_About this exercise_
What should be copied is the stretch of entries below from the line with "Estatísticas do jogo" up to and including the line with "10 грн гривен", exactly and without images.

_Recorded data_
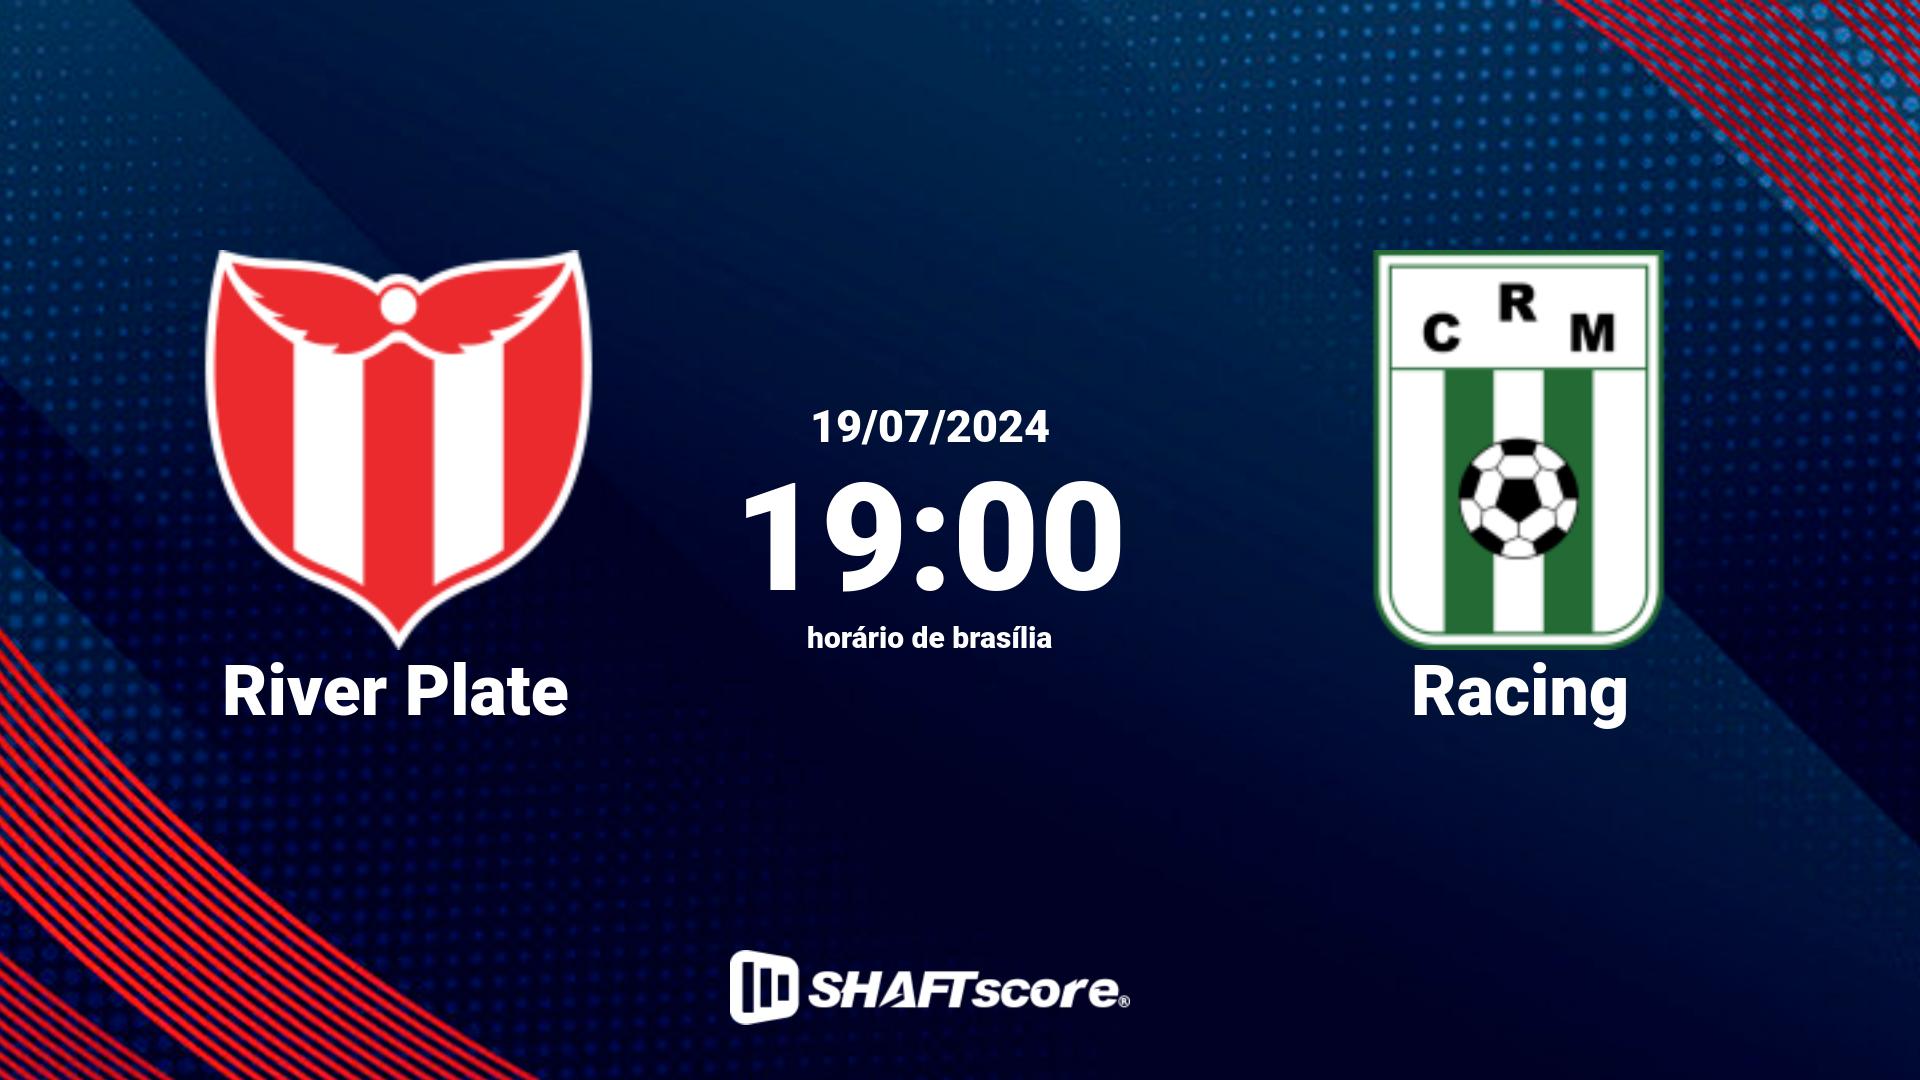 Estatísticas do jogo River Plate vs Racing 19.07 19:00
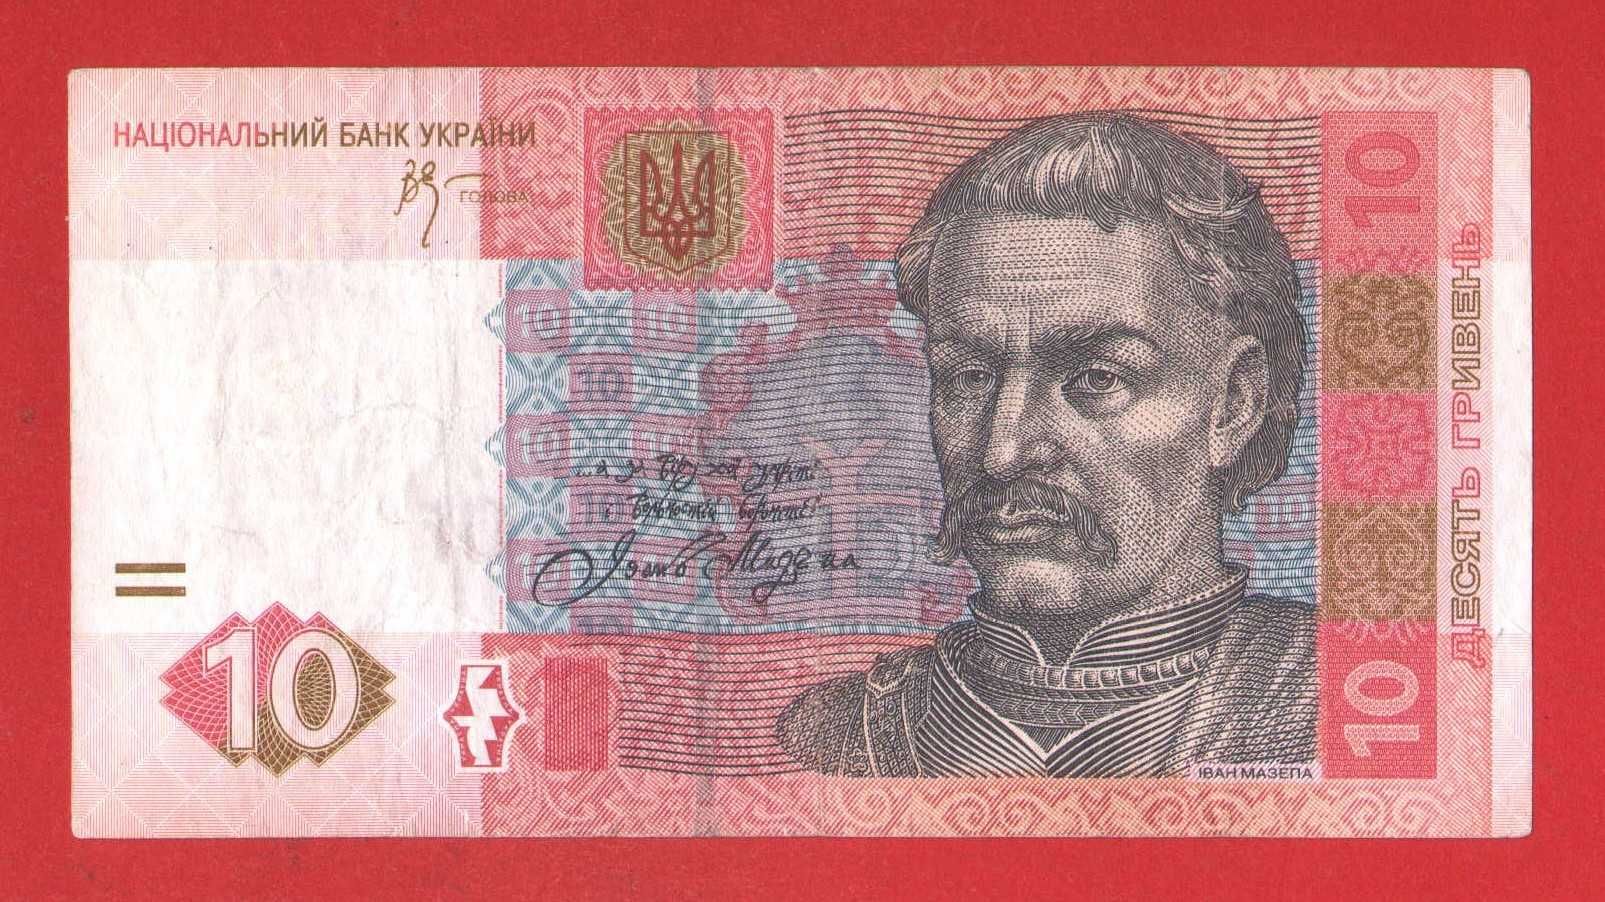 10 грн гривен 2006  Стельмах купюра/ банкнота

...

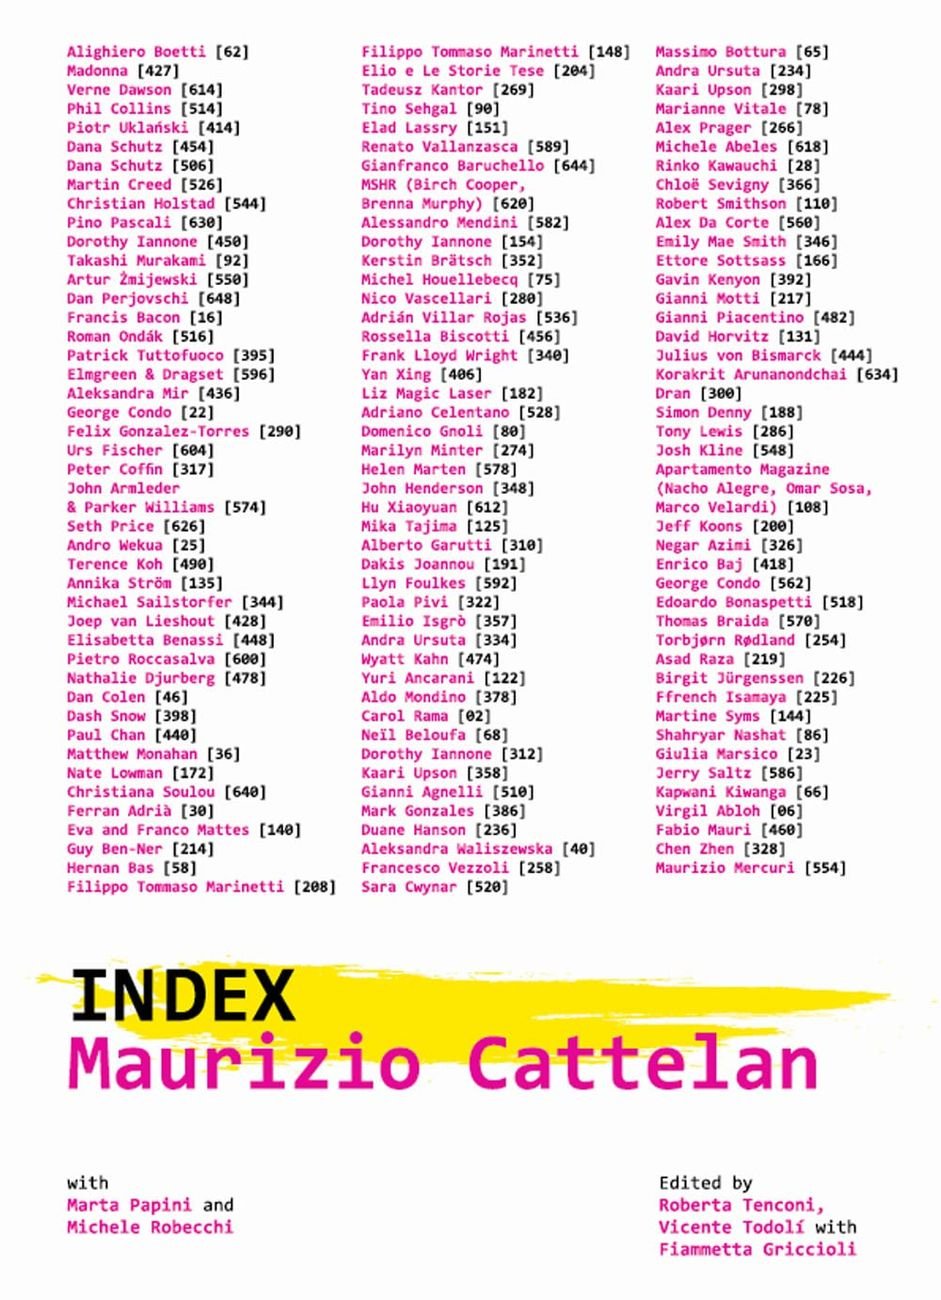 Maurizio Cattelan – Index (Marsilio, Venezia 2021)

_Your response_
 Estatísticas do jogo River Plate vs Racing 19.07 19:00
 10 грн гривен 2006  Стельмах купюра/ банкнота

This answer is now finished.